Thinking ahead about what type of analysis you will perform will help you figure out if perhaps the overall design is too ambitious and will give you the time to make changes to the design so that the data analysis will be easier.
For example, let’s assume we want to test people’s ability to recognise pitch differences across three different conditions. A set of recordings is played first with no background noise, then with white noise, and finally with a recording of people chatting in the background. We decide to have 30 trials in the no-noise condition (since this is just the baseline and we don’t need that many trials) and 50 trials in the other two conditions. After data collection you will compare the mean baseline of each subject with what happens in the other two conditions.
You start the study and collect data.
Now it’s time to compare how the second and third condition differ from the baseline. You realise that you can’t simply compare the mean baseline, because you also want to account for the fact that listeners get attuned to the noise or task while performing it, so that later trials might show less of an effect. You could look at the change in performance of pitch change recognition across time within each condition, so that you can check if white noise and people chatter are different from the baseline condition with no noise.
But you have one problem…the number of trials are less in the baseline condition then in the other two conditions. It’s too late now!
What the story teaches us is that, if we had carefully thought of the kind of analysis we wanted to do (i.e. compare the performance across time) we would have realised that to do so the number of trials needs to be the same.
This is why we always recommend thinking the specifics of the analysis before hand: why statistical model will you use? which predictors will be in the model? which data transformation will you apply? …
Minimise the factorial design
Another simple tip is to minimise the “factorial design” of the study.
By factorial design I mean the tabulated structure of conditions/groups/contexts that are controlled in the study.
A simple factorial design is the following:
city | village | |
---|---|---|
young | ||
old |
This is a classic 2-by-2 design (\(2 \times 2\)), with Age (young or old) and Place (city or village).
You plan to have 40 participants in total, which means these are the tabulated counts:
city | village | |
---|---|---|
young | 10 | 10 |
old | 10 | 10 |
But you also want to know if level of education interacts with Age and/or Place.
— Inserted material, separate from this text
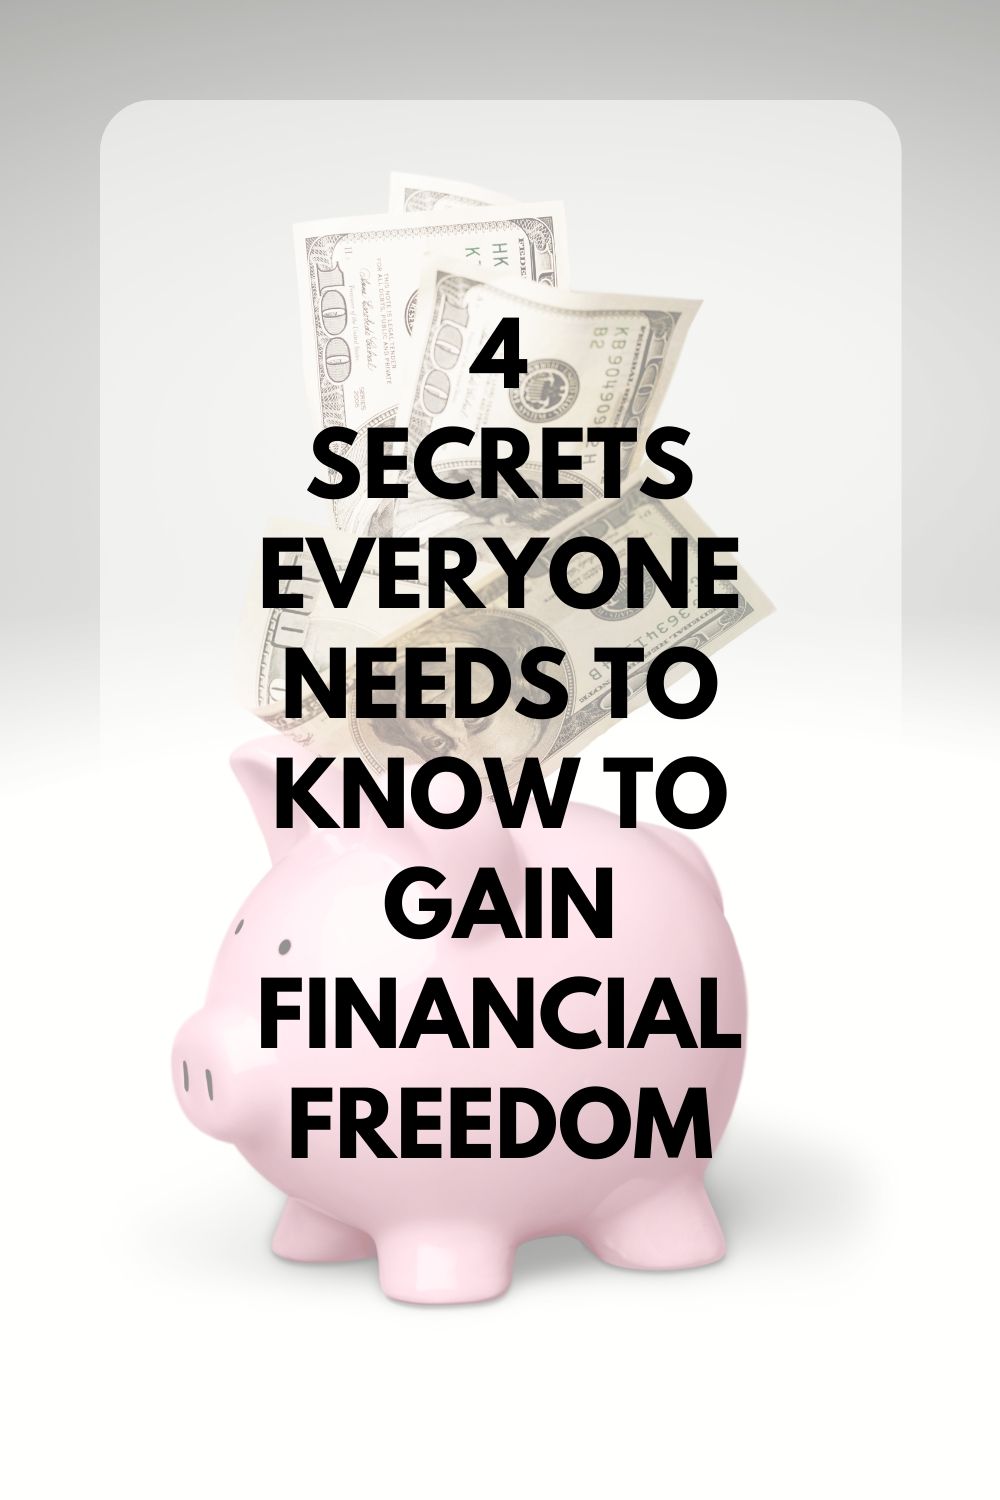 4 Secrets Everyone Needs to Know to Gain Financial Freedom

So you decide to go with this design:
Diploma | city | village |
---|---|---|
young | ||
old |
Degree | city | village |
---|---|---|
young | ||
old |
So now we went from a \(2 \times 2\) to a \(2 \times 2 \times 2\) design. Before we had 4 contextual combinations (young from the city, old from the city, young from the village, old from the village), but now we have 8 combinations.
The new design now would require us to be able to check three 2-way interactions and a 3-way interaction. Checking interactions requires sufficient data, and the more interactions you have and the higher the order of the interaction, the more data you need.
So assuming you had 40 participants in total, well distributed across the factorial design, that means that you are trying to estimate effects based on only 5 participants per combination.
Diploma | city | village |
---|---|---|
young | 5 | 5 |
old | 5 | 5 |
Degree | city | village |
---|---|---|
young | 5 | 5 |
old | 5 | 5 |
In fact, a \(2 \times 2 \times 2\) design would already be an improvement on the average factorial design we normally employ in linguistics.
Let’s think phonetics: 5 vowel qualities, 3 consonant places of articulation, 3 phonation types, 2 conditions of lexical stress, 3 prosodic conditions.
Which means you have to estimate 270 “cells” from the factorial table. A monster!!!
It is immediately clear that this would not be feasible, at least with the limited time and resources we researchers have.
So, the moral of the story is: simplify your factorial design as much as possible, by focussing on those contexts that are critical to the research question.
In other words, don’t add contexts in just because “they are expected to make a difference”, if these are not the critical ones. Of course, any type of context can potentially make a difference, but if we had to control for all the imaginable contexts within a single study, we would be collecting data for centuries.
If you care about interactions, only include the critical ones in the model
You have a \(3 \times 4 \times 2 \times 3\) design. This means that, if you include all the logical interactions, you end up with trying to estimate N different interactions.
Unless you have an impractical amount of data at hand, you will very likely have troubles fitting the model.
What you can do, in these cases, is to add the main effects plus only those interactions that are relevant for your research question/hypothesis.
In other words, if you are investigating whether there is a specific interaction between two of the four predictors, then you could just include that interaction.
Note that if you go this route, you have to decide with interactions to include before collecting data, based on expectations.
If you are interested in all logical interactions because you have really no expectations, then perhaps you should stick to exploratory and descriptive analyses.
Make sure your factorial design is not “rank deficient”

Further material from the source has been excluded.